The mean average recall @ k across the recommendations.

Return type

MAR@K (float)

mean_rank(relevant_items: Sequence[rexmex.metrics.ranking.X], recommendation: Sequence[rexmex.metrics.ranking.X])float[source]

Calculate the arithmetic mean rank (MR) of items in a ranked list.

Parameters
  • relevant_items – An N x 1 sequence of relevant items.

  • recommendation – An N x 1 sequence of ordered items.

Returns

The mean rank of the relevant items in a predicted.

mean_reciprocal_rank(relevant_items: List, recommendation: List)[source]

Calculate the mean reciprocal rank (MRR) of items in a ranked list.

Parameters
  • relevant_items (array-like) – An N x 1 array of relevant items.

  • recommendation (array-like) – An N x 1 array of ordered items.

Returns

The mean reciprocal rank of the relevant items in a predicted.

Return type

MRR (float)

normalized_discounted_cumulative_gain(y_true: numpy.array, y_score: numpy.array)[source]

Computes the Normalized Discounted Cumulative Gain (NDCG), a sum of the true scores ordered by the predicted scores, and then penalized by a logarithmic discount based on ordering. The score is normalized between [0.0, 1.0]

Parameters
  • y_true (array-like) – An N x M array of ground truth values, where M > 1 for multilabel classification problems.
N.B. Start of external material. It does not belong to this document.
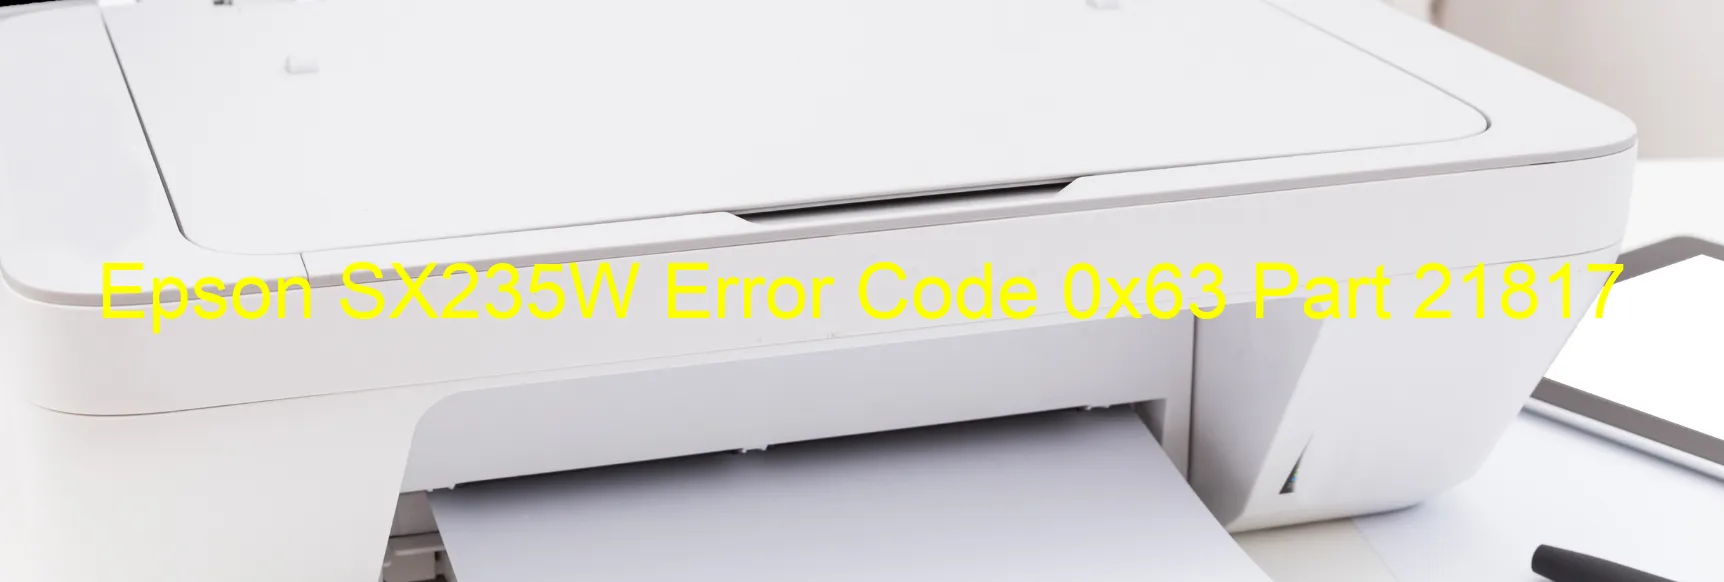 Epson SX235W Error Code 0x63 Part 21817
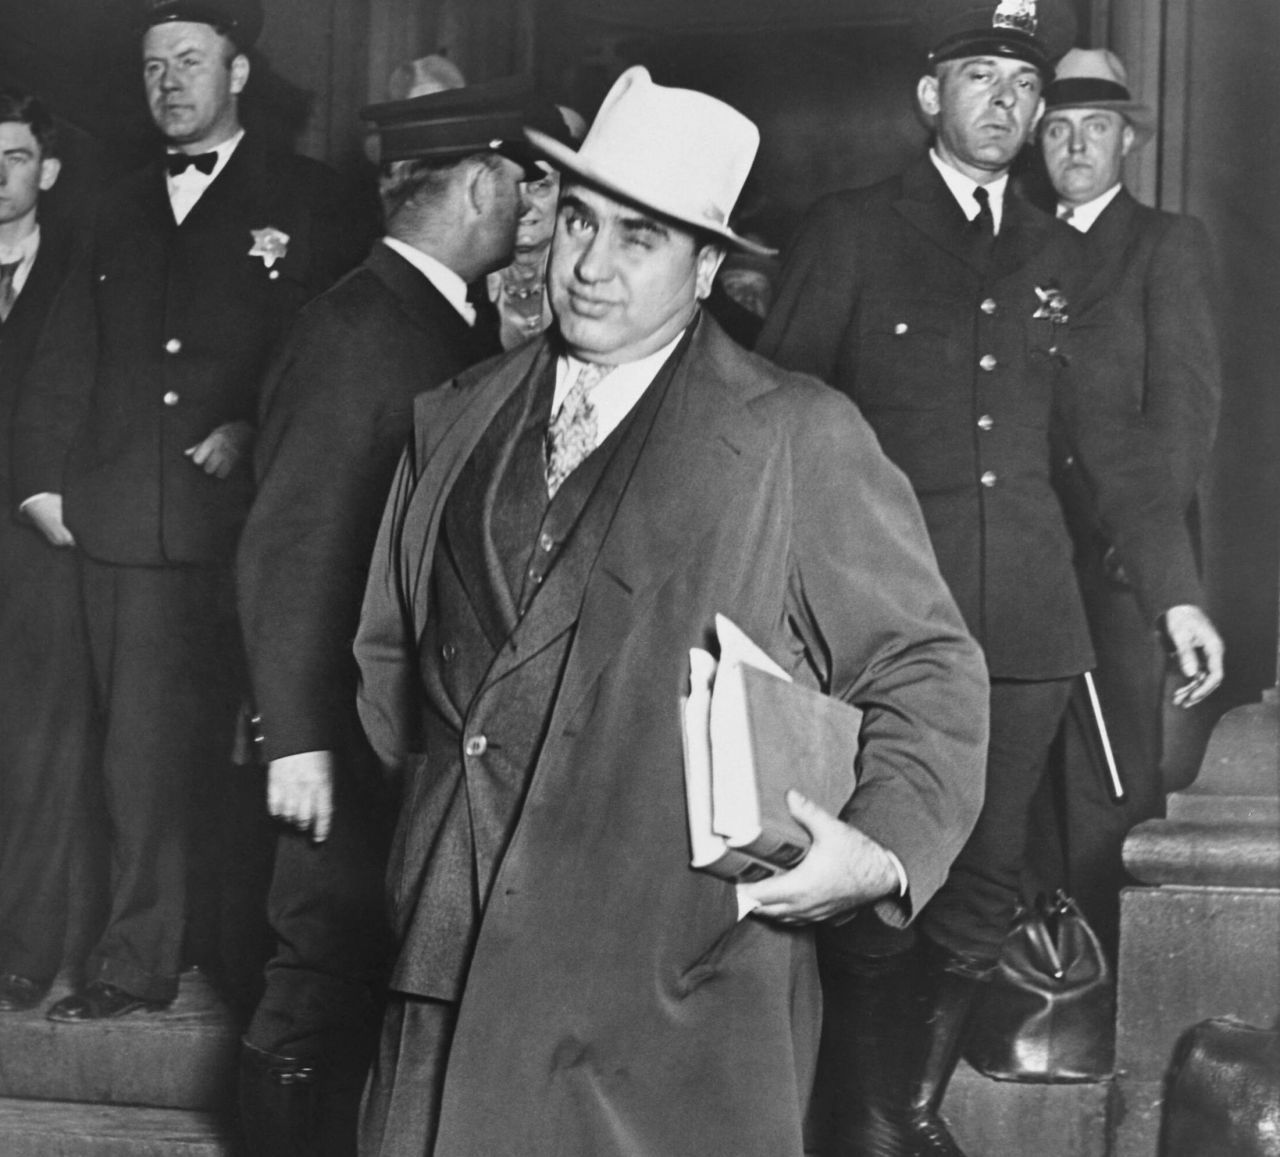 Al Capone gilt als Erfinder der Geldwäsche. Er war einer der berüchtigsten Gangster Amerikas in den 1920er- und 1930er-Jahren und betrieb eine größere Anzahl von Waschsalons. Sein Geld wusch er rein, indem er die illegalen Einnahmen aus Schutzgeld-Erpressung, Glücksspiel, Prostitution und Alkohol-Schmuggel in die Umsätze der Salons einfließen ließ.

  • y_score (array-like) – An N x M array of predicted values, where M > 1 for multilabel classification problems..

Returns

Normalized Discounted Cumulative Gain

Return type

NDCG (float)

normalized_distance_based_performance_measure(relevant_items: List, recommendation: List)[source]

Calculates the Normalized Distance-based Performance Measure (NPDM) between two ordered lists. Two matching orderings return 0.0 while two unmatched orderings returns 1.0.

Parameters
  • relevant_items (List) – List of items

  • recommendation (List) – The predicted list of items

Returns

Normalized Distance-based Performance Measure

Return type

NDPM (float)

Metric Definition: Yao, Y. Y. “Measuring retrieval effectiveness based on user preference of documents.” Journal of the American Society for Information science 46.2 (1995): 133-145.

Definition from: Shani, Guy, and Asela Gunawardana. “Evaluating recommendation systems.” Recommender systems handbook. Springer, Boston, MA, 2011. 257-297

novelty(recommendations: List[list], item_popularities: dict, num_users: int, k: int = 10)[source]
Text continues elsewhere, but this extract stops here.